After locating "The Legend of" in the listing below, copy that line and each one after it exactly, ending with the line that has "ASHTOM Gray Formal".

• TASK MATERIAL
Segment Open

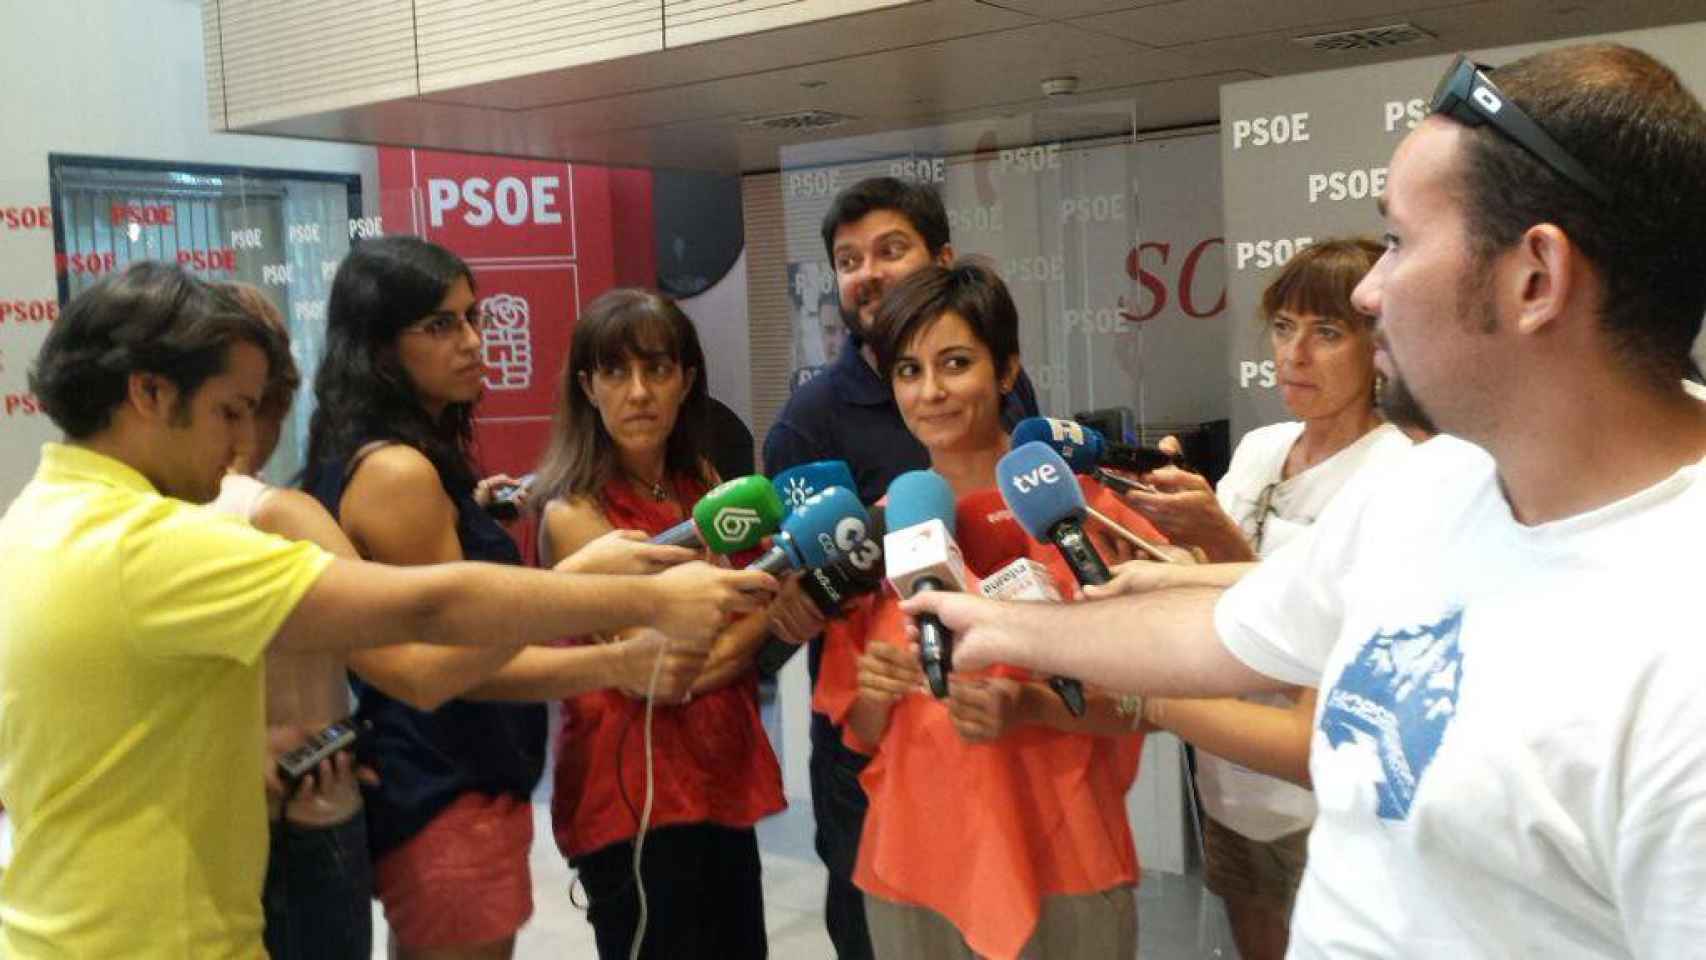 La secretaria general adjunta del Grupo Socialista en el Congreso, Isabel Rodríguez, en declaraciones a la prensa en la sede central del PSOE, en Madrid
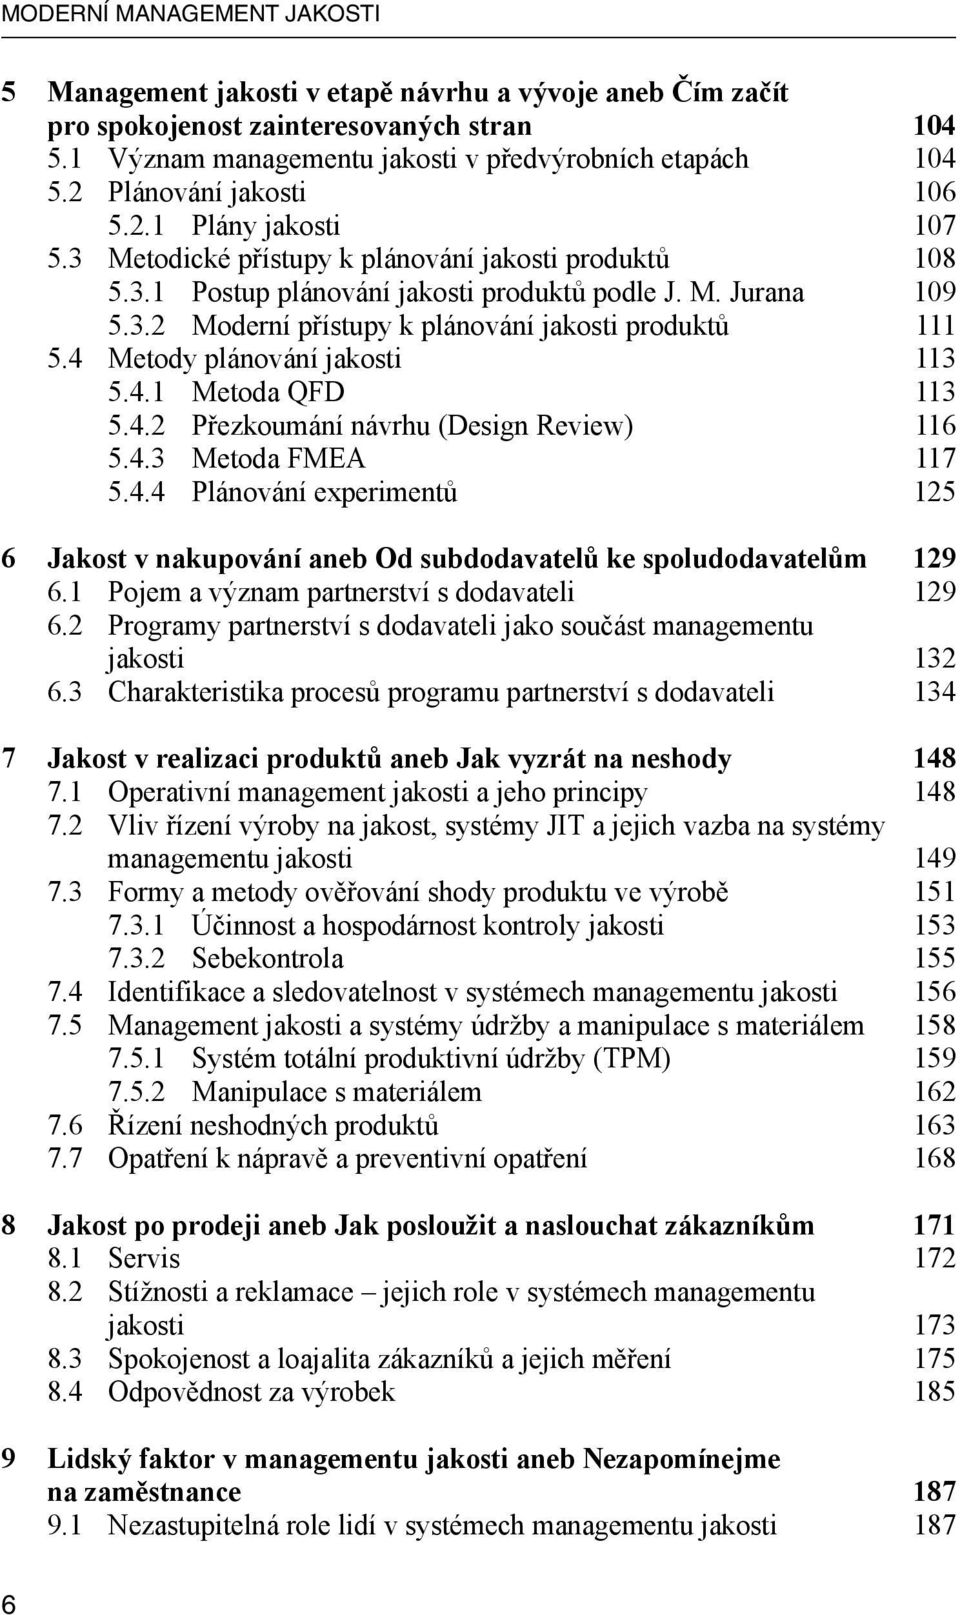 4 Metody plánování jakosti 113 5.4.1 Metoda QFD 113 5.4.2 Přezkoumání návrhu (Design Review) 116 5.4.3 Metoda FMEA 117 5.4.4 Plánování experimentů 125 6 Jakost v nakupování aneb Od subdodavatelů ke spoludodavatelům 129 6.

Segment Closed
Segment Open

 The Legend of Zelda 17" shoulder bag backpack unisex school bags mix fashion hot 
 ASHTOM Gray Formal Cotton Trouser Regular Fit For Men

Segment Closed

• WORKED SOLUTION
 The Legend of Zelda 17" shoulder bag backpack unisex school bags mix fashion hot 
 ASHTOM Gray Formal Cotton Trouser Regular Fit For Men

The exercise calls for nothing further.